**Recorded data:**
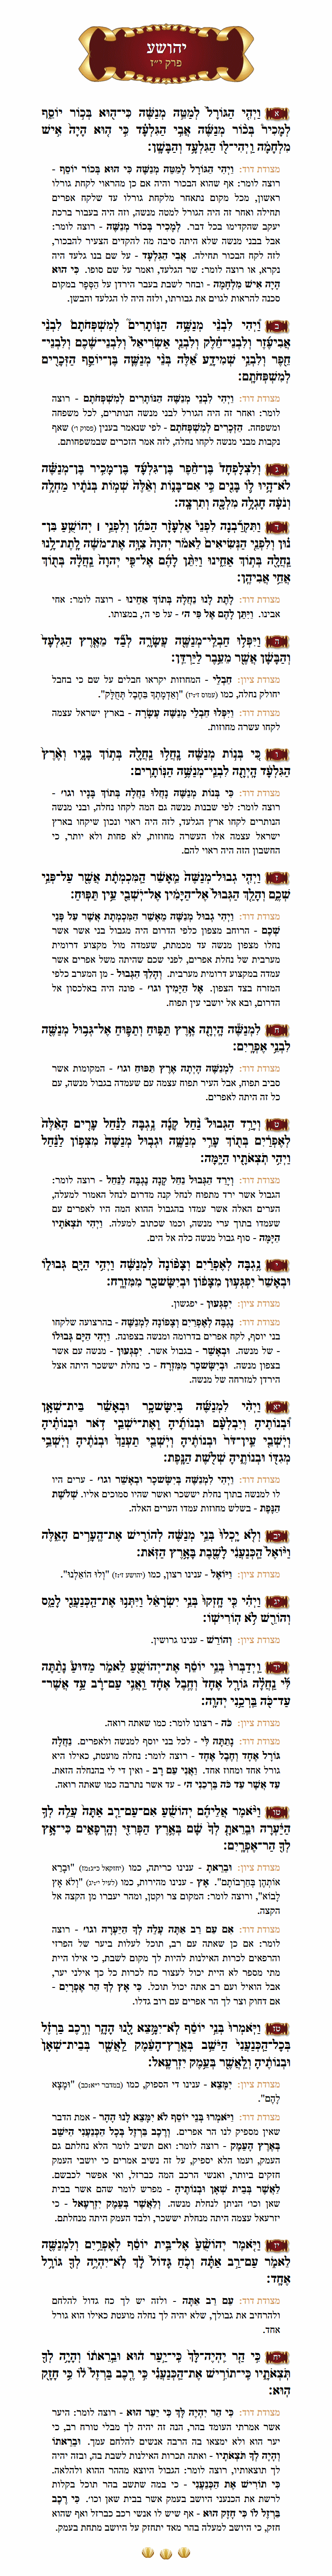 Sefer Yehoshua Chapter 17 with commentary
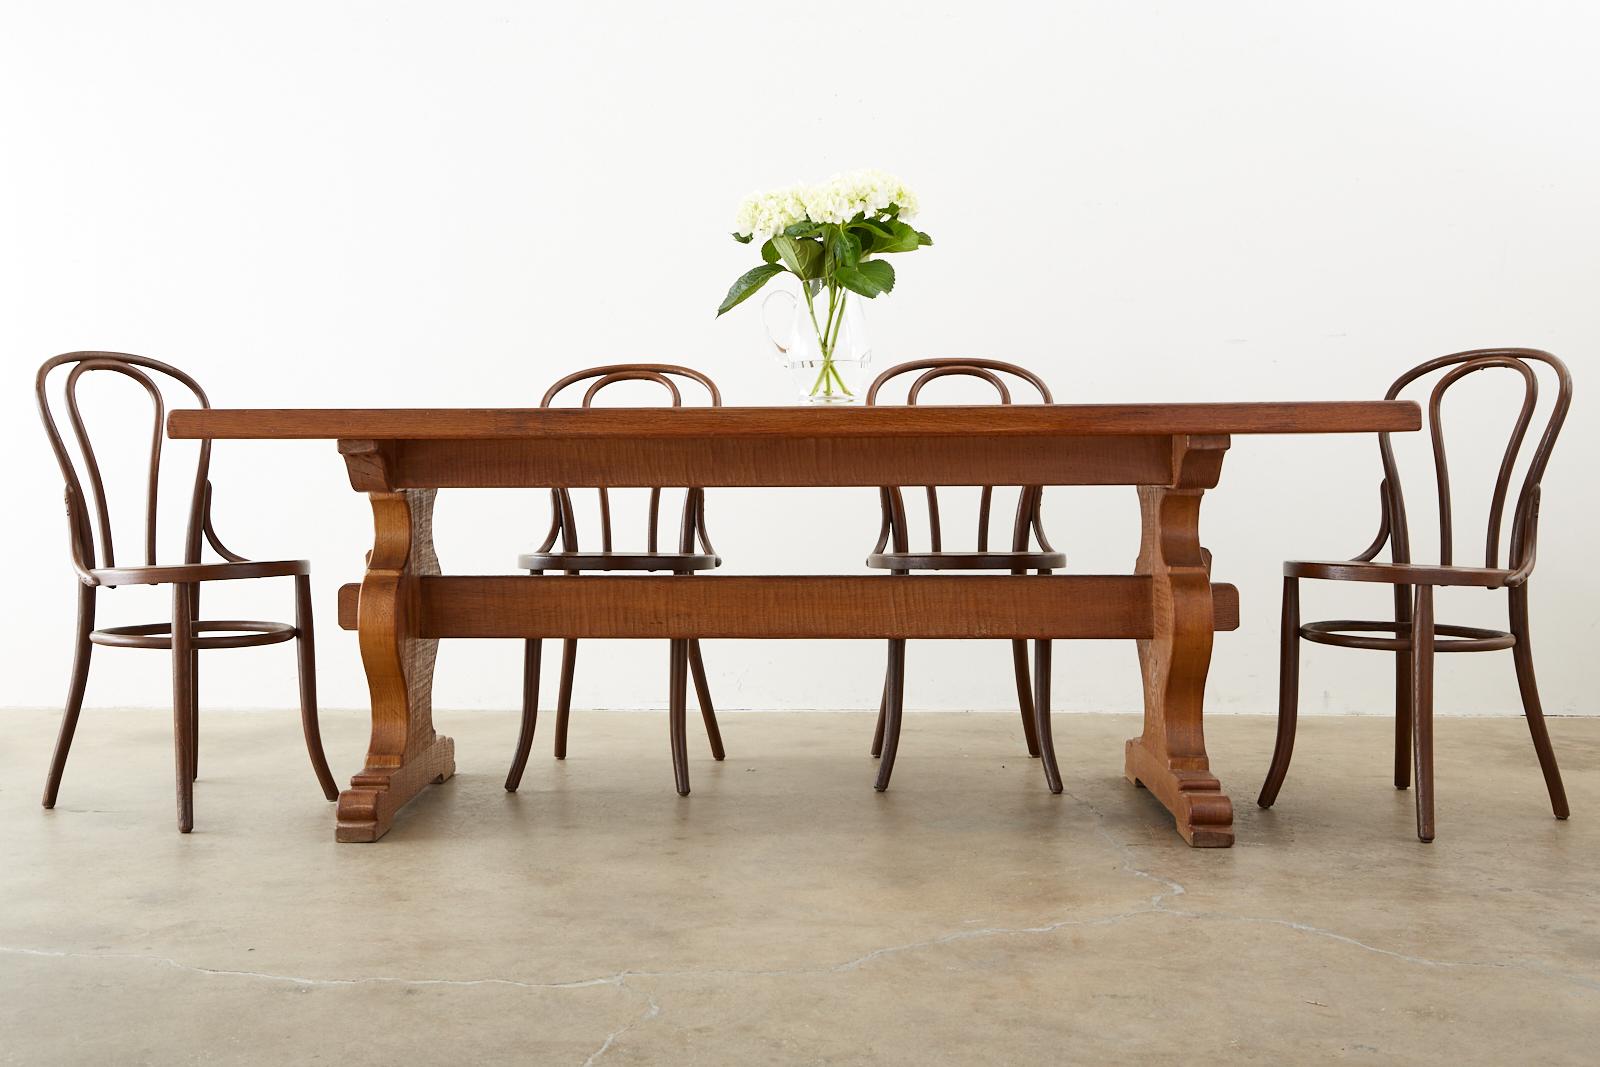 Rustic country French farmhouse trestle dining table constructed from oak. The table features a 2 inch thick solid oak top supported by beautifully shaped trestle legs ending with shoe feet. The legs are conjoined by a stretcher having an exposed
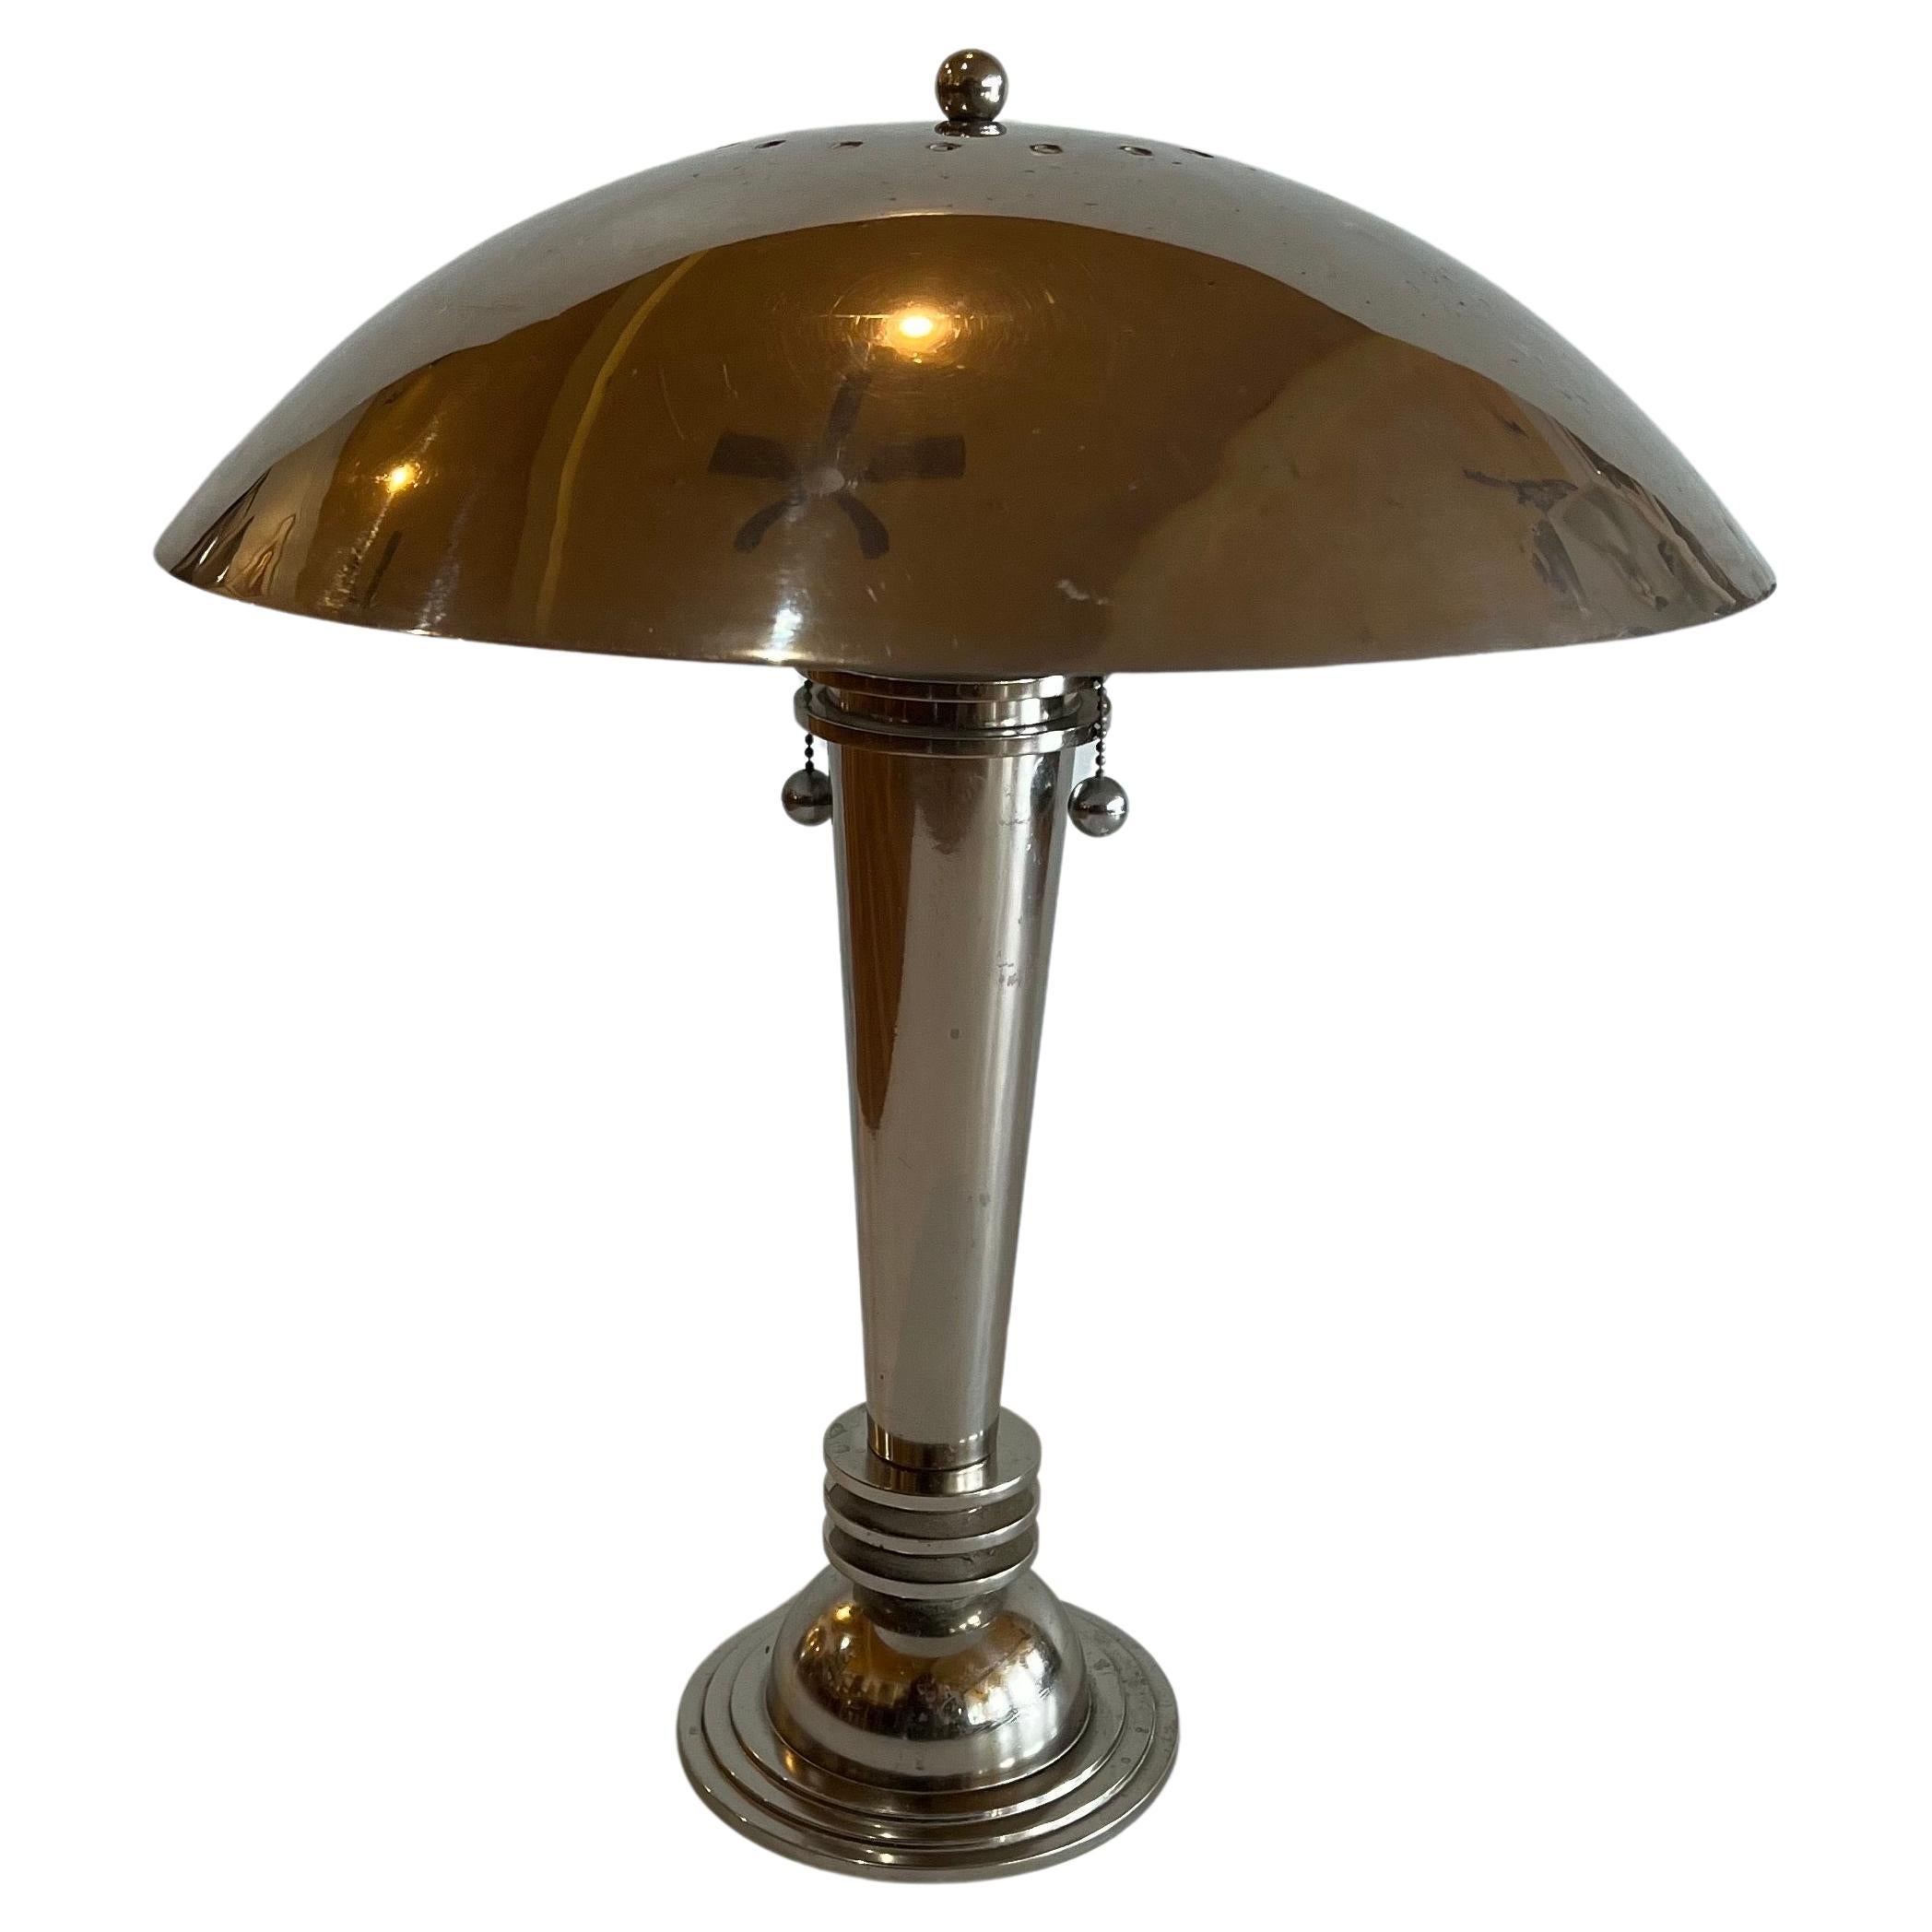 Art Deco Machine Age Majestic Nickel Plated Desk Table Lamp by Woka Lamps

**What you should do:**
An exact copy is needed of only the lines from the top of the material through the line with "Rustic country French"; no pictures belong in it.

**Task response:**
 Sefer Yehoshua Chapter 17 with commentary
 Rustic country French farmhouse trestle dining table constructed from oak. The table features a 2 inch thick solid oak top supported by beautifully shaped trestle legs ending with shoe feet. The legs are conjoined by a stretcher having an exposed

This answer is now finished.